Zeno guarda se stesso prima da troppo vicino e lo sgomento gli svisa e gli distoglie lo sguardo. Comincia a guardare dall’alto, per illudersi di star osservarndo uno dei vari personaggi della storia. Al contempo spera che la sola totale sincerità su di sé basti ad assolverlo da irresponsabilità e inerzie. “Abulico” è l’aggettivo più frequente nella critica sveviana. Un altro concetto che ci aiuta a comprendere è quello di sciagura. Parola forte ma in Svevo nulla è morbido. Zeno è uno sciagurato che assiste, godendo perché contento di saper analizzarle, alle proprie sciagure. Una sciagura ti capita o non ti capita senza tua volontà, ma quando si dice “sciagurato” si intende più che “disgraziato”. Nel passaggio dal sostantivo all’aggettivo diventi la causa delle rovine che ti accadono. Zeno si scruta e si condanna: «Nessuno potrà dire ch’io m’abbandoni ad illusioni sul conto mio». Fugge: «Ogni minaccia di sventura m’atterrisce dapprima, ma subito dopo è dimenticata nella fiducia più sicura di saper evitarla». Sa bene, al contrario di ciò che dice in un’occasione: «le cose di cui nessuno sa e che non lasciarono delle tracce, non esistono», che quelle sono appunto le cose più esistenti, nella coscienza, per uno come lui. O le sole esistenti.
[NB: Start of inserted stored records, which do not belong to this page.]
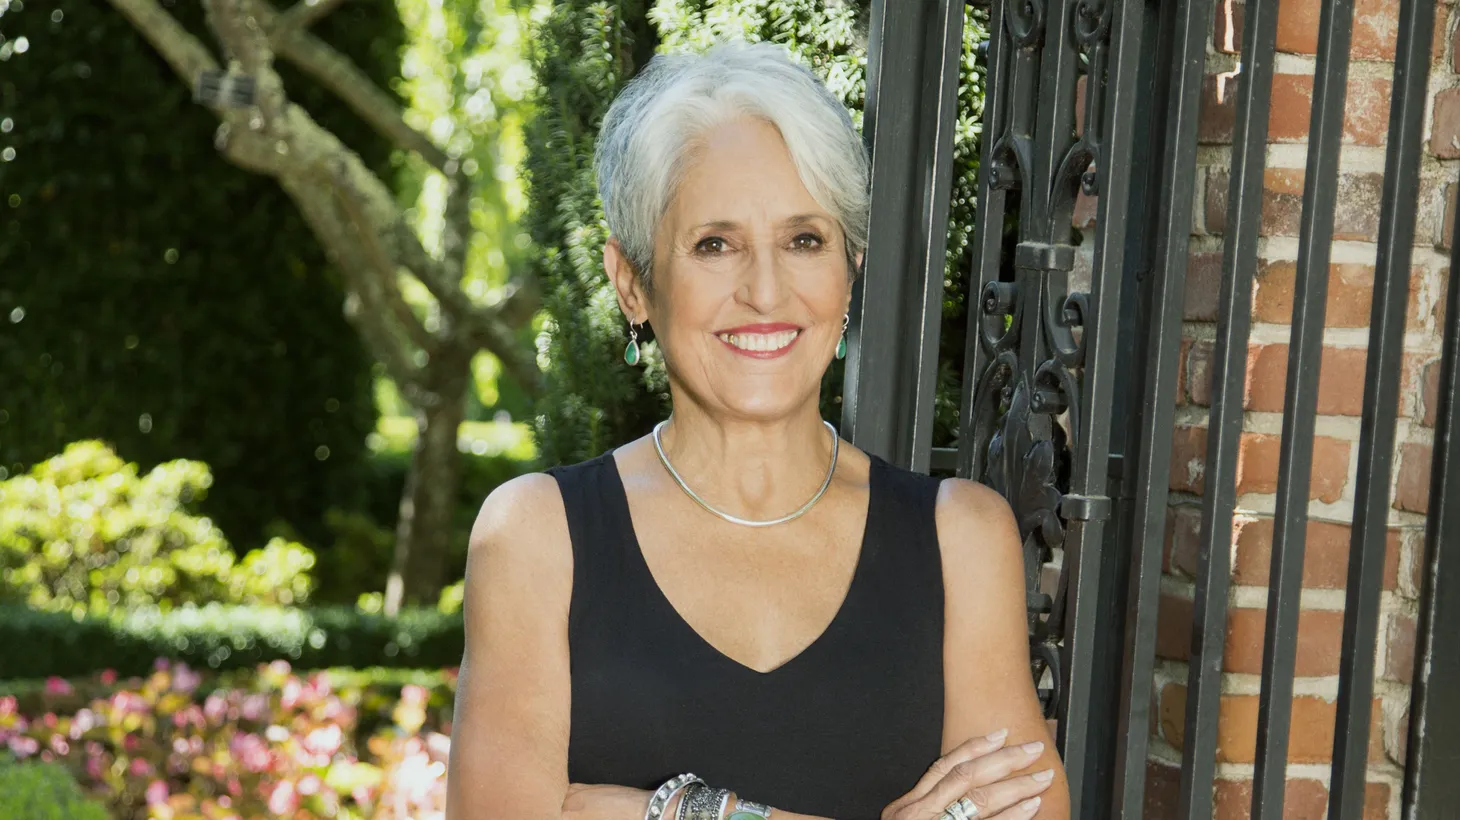 After Joan Baez retired from music touring in 2019, she turned to painting, drawing, and publishing books.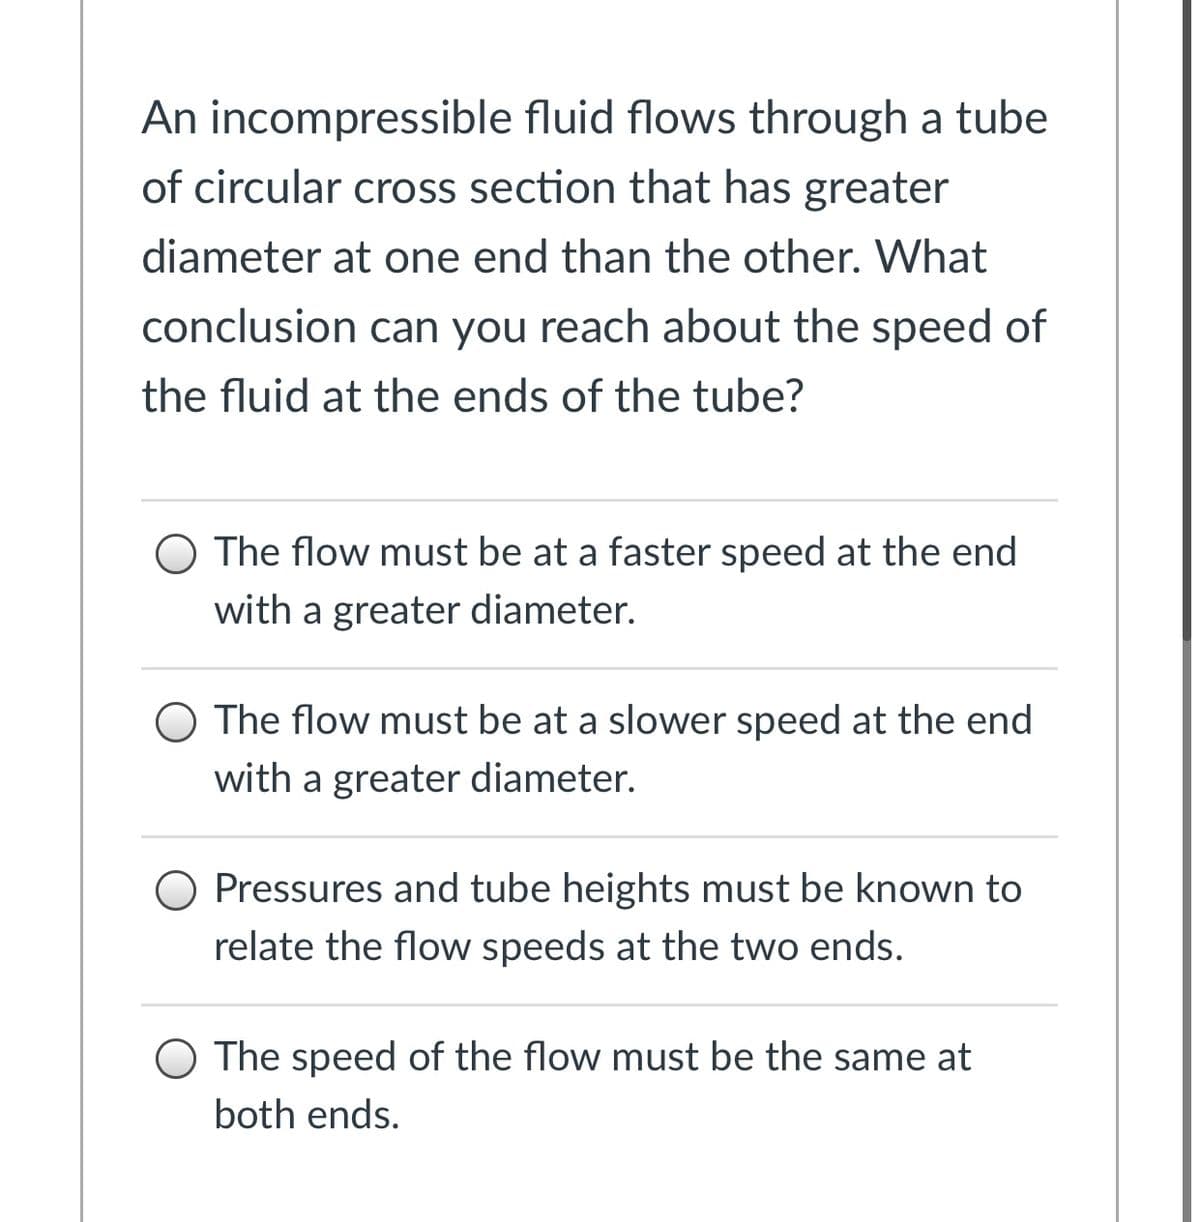 An incompressible fluid flows through a tube
of circular cross section that has greater
diameter at one end than the other. What
conclusion can you reach about the speed of
the fluid at the ends of the tube?
The flow must be at a faster speed at the end
with a greater diameter.
O The flow must be at a slower speed at the end
with a greater diameter.
Pressures and tube heights must be known to
relate the flow speeds at the two ends.
O The speed of the flow must be the same at
both ends.

La narrativa di Italo Svevo si comprende meglio, come spesso si è detto, in contesto non italiano. Nell’ambito di quell’impero asburgico che ormai non esisteva più (un nome su tutti, Joseph Roth) o di lingua tedesca in generale, e pensiamo allo svizzero tedesco Walser, che entusiasmava Kafka. Quanto alla sua prosa-prosa, all’assenza di lirismo – anche del più autentico che alleggerisce le figure dei protagonisti di Roth o Walser rendono meno grata e più dolorosa la lettura, senza indulgenze la scrittura. E lo avvicinano ancora di più a Kafka.